Nested JSON fields like the "topics" array were parsed and each entry displayed with its own heading and content block.
The "About," "Philosophy," and "Contact" sections all rendered with correct headings and body text.
Topic title fields (items 0, 1, 2) were empty — the "title" key had no value, while the label was embedded inside the content string (e.g., "1. Human-Centered Technology"), suggesting a JSON data structure inconsistency.
The contact email displayed was "example@email.com" — a placeholder, not a real or clickable mailto link, making the Contact section feel unfinished.
Before clicking the load button, there was no description or hint explaining what the app does or what data it will display.
No error handling was visible — it's unclear what the app shows if the JSON fails to load or is malformed.
Update the JSON Viewer app with the following improvements:
(1) Fix the topics data structure so each topic has a proper non-empty "title" field
separate from the content body string.
(2) Replace the placeholder contact email with a real
<a href="mailto:..."> link so users can click to contact directly.

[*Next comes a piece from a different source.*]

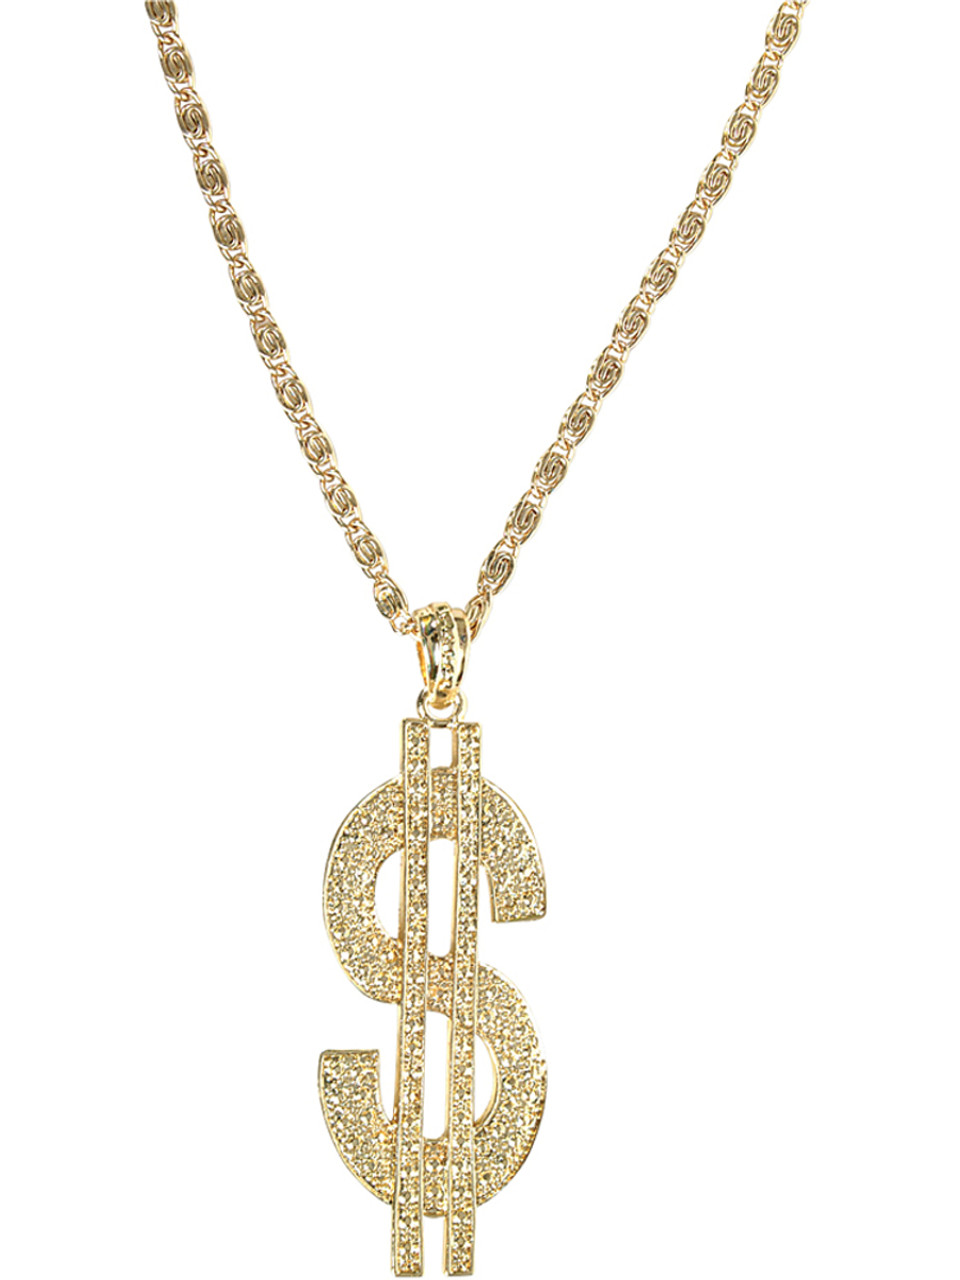 golden gangster chain
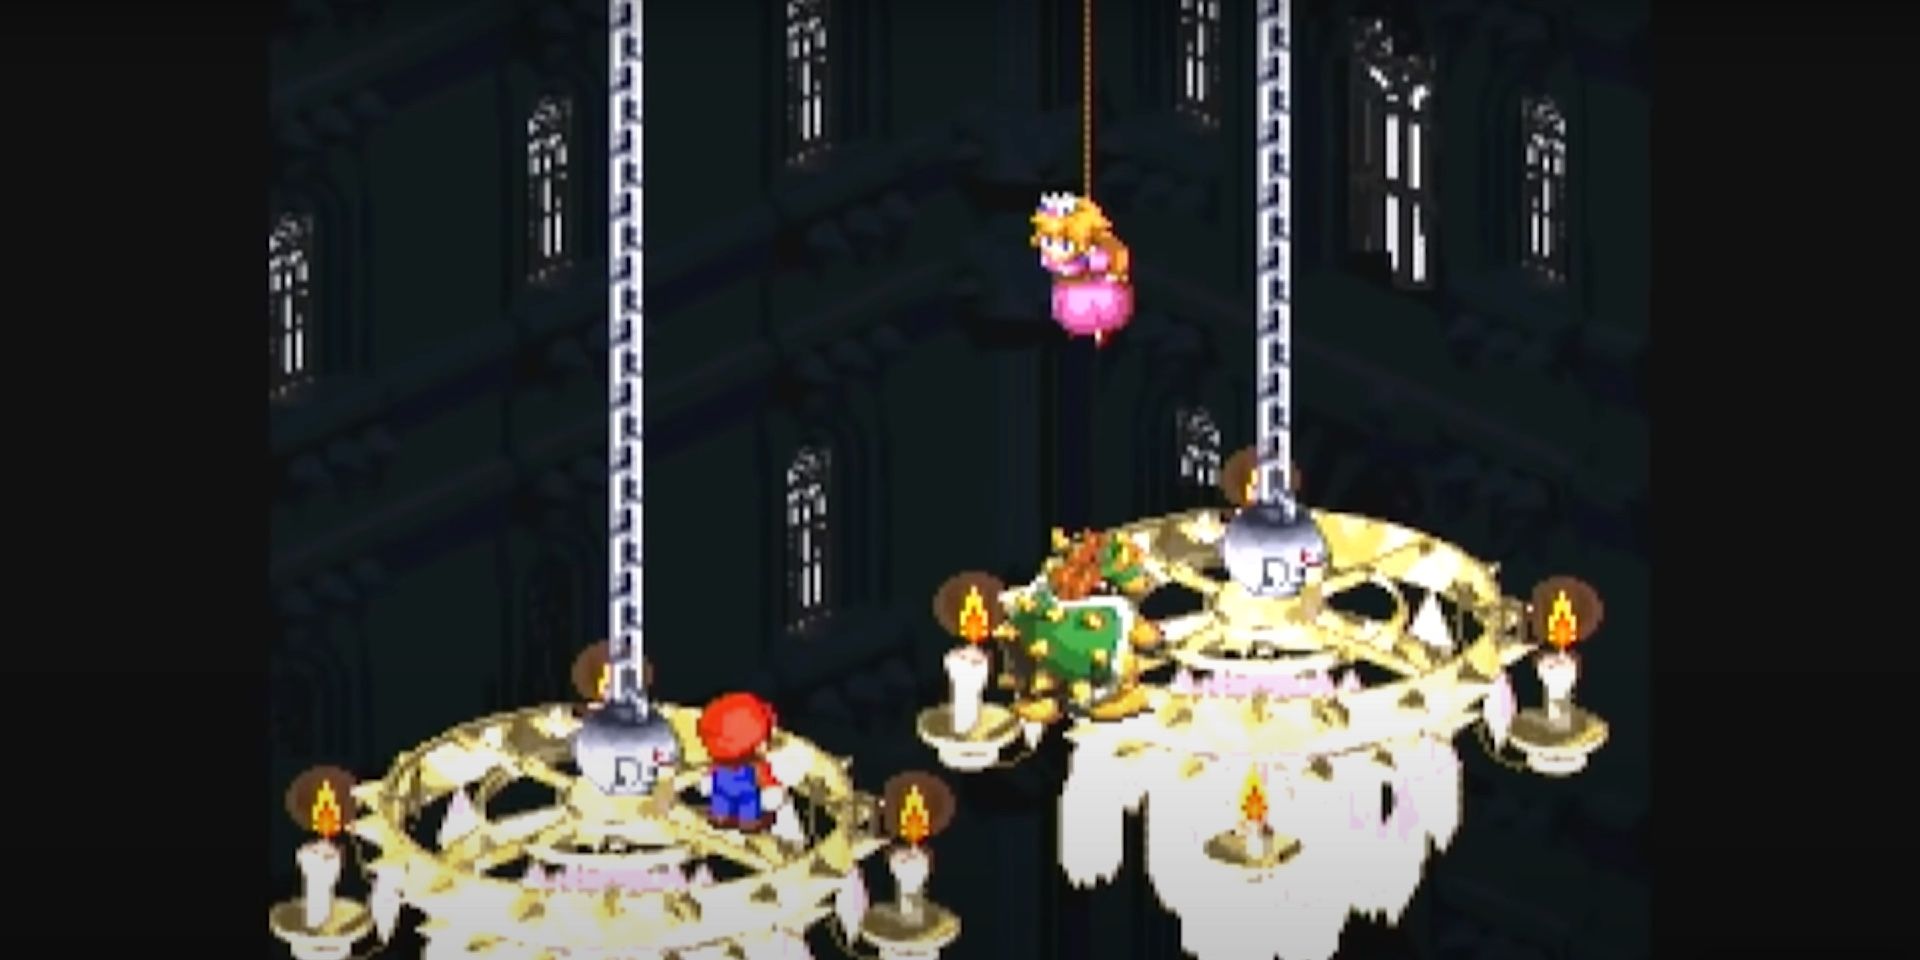 Super Mario RPG - is Luigi in the game?

(3) Add a short intro description above the "Load My JSON" button explaining what the
app does and what JSON it will display.
(4) Add basic error handling — if the JSON fails to load, show a friendly error message
instead of a blank or broken page.
(5) Add a "View Raw JSON" toggle button so users can switch between the formatted view
and the original JSON source — useful for educational context.